+++ Provided information +++

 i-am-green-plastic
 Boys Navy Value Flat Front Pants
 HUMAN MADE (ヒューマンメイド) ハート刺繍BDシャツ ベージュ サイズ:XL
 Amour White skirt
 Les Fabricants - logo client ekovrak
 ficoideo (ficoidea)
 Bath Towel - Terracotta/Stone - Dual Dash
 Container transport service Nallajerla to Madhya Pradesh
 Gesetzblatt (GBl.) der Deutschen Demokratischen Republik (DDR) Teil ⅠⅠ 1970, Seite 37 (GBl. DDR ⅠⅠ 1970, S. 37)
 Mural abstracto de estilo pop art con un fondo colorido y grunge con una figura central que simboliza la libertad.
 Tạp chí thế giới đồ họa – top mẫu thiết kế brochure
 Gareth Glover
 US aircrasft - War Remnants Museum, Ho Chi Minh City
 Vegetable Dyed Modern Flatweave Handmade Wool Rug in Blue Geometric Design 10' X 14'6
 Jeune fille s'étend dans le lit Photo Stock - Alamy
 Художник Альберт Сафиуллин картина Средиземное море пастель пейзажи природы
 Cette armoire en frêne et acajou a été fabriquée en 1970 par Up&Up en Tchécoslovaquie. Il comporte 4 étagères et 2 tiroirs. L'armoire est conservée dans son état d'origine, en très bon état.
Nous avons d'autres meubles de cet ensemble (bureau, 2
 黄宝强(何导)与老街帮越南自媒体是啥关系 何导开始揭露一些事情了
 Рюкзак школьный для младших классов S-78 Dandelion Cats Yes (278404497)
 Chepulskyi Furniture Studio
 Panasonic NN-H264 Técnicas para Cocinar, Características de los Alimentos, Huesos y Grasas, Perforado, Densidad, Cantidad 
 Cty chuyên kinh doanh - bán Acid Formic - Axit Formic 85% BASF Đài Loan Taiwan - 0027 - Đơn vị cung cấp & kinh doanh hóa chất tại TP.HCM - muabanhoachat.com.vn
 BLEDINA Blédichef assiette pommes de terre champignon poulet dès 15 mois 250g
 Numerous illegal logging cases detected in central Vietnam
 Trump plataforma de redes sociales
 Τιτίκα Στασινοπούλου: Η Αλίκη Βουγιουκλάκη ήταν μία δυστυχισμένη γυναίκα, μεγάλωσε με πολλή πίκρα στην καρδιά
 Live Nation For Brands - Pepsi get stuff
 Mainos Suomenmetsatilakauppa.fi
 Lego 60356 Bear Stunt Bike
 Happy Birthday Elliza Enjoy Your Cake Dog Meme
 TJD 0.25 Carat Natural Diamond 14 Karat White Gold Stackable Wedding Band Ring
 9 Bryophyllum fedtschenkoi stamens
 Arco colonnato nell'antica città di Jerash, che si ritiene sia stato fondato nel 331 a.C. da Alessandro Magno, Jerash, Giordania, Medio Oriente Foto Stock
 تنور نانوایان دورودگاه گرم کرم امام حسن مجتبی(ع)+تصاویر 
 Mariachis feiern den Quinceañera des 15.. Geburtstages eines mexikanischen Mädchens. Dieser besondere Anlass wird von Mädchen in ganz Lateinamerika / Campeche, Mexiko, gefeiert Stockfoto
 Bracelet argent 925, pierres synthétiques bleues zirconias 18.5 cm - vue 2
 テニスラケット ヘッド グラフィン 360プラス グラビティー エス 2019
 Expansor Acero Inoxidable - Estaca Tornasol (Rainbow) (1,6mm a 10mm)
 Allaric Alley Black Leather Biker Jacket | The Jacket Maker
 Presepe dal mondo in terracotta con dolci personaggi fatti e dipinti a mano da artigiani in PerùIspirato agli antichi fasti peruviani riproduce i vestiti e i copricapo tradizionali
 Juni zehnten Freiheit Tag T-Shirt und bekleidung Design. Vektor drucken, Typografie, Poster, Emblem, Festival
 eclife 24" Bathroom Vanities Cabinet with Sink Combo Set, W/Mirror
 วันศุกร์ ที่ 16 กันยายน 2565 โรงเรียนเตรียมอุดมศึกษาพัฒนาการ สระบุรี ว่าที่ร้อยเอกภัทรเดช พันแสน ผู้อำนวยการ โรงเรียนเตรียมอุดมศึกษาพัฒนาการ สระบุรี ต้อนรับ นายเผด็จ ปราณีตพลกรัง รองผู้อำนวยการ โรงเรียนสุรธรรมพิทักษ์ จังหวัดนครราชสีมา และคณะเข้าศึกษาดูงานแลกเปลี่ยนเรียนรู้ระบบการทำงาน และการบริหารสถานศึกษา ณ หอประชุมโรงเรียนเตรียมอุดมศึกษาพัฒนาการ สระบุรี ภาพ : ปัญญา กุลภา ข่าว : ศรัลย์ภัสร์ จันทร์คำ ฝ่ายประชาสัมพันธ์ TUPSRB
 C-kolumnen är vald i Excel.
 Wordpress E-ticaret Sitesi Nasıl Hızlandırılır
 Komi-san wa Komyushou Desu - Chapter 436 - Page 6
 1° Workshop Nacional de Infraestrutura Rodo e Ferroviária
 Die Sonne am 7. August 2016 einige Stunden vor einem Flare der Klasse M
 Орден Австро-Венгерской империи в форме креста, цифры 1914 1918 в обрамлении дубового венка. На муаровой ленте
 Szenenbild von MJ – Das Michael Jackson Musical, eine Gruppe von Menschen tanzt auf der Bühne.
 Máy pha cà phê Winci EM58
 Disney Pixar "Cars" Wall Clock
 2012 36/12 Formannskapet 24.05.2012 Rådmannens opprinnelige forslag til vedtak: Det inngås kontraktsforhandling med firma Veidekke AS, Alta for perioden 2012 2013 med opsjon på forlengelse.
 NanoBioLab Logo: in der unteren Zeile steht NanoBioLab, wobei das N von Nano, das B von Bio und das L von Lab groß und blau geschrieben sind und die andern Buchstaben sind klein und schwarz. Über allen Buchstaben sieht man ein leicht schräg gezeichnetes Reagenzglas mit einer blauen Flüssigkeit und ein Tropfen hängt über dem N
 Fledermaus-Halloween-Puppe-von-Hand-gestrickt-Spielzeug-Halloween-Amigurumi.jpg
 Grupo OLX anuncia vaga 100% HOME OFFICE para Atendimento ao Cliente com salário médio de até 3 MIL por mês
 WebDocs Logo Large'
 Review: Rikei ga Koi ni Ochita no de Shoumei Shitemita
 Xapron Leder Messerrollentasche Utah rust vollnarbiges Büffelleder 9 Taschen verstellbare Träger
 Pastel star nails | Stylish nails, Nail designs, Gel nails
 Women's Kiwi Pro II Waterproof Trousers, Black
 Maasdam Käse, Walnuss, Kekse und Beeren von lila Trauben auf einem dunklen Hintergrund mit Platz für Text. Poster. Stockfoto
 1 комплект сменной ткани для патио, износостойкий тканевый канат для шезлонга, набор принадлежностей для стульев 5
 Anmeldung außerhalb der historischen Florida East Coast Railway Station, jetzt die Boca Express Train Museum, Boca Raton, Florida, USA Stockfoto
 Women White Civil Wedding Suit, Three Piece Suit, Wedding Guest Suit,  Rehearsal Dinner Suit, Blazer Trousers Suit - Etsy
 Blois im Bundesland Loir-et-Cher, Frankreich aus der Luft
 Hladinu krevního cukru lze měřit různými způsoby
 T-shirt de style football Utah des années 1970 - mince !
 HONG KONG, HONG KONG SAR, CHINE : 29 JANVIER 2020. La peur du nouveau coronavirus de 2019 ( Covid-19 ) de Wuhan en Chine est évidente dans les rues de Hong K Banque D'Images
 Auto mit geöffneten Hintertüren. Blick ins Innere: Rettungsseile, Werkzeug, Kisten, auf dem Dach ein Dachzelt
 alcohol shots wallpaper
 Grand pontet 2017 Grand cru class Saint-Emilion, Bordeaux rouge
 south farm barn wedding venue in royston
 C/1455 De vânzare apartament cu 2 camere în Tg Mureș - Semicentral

+++

**Task**
All lines above from the one with "Cette armoire en" to the one with "9 Bryophyllum fedtschenkoi stamens", inclusive, should be copied exactly, and no other lines.

**Completed exercise**
 Cette armoire en frêne et acajou a été fabriquée en 1970 par Up&Up en Tchécoslovaquie. Il comporte 4 étagères et 2 tiroirs. L'armoire est conservée dans son état d'origine, en très bon état.
Nous avons d'autres meubles de cet ensemble (bureau, 2
 黄宝强(何导)与老街帮越南自媒体是啥关系 何导开始揭露一些事情了
 Рюкзак школьный для младших классов S-78 Dandelion Cats Yes (278404497)
 Chepulskyi Furniture Studio
 Panasonic NN-H264 Técnicas para Cocinar, Características de los Alimentos, Huesos y Grasas, Perforado, Densidad, Cantidad 
 Cty chuyên kinh doanh - bán Acid Formic - Axit Formic 85% BASF Đài Loan Taiwan - 0027 - Đơn vị cung cấp & kinh doanh hóa chất tại TP.HCM - muabanhoachat.com.vn
 BLEDINA Blédichef assiette pommes de terre champignon poulet dès 15 mois 250g
 Numerous illegal logging cases detected in central Vietnam
 Trump plataforma de redes sociales
 Τιτίκα Στασινοπούλου: Η Αλίκη Βουγιουκλάκη ήταν μία δυστυχισμένη γυναίκα, μεγάλωσε με πολλή πίκρα στην καρδιά
 Live Nation For Brands - Pepsi get stuff
 Mainos Suomenmetsatilakauppa.fi
 Lego 60356 Bear Stunt Bike
 Happy Birthday Elliza Enjoy Your Cake Dog Meme
 TJD 0.25 Carat Natural Diamond 14 Karat White Gold Stackable Wedding Band Ring
 9 Bryophyllum fedtschenkoi stamens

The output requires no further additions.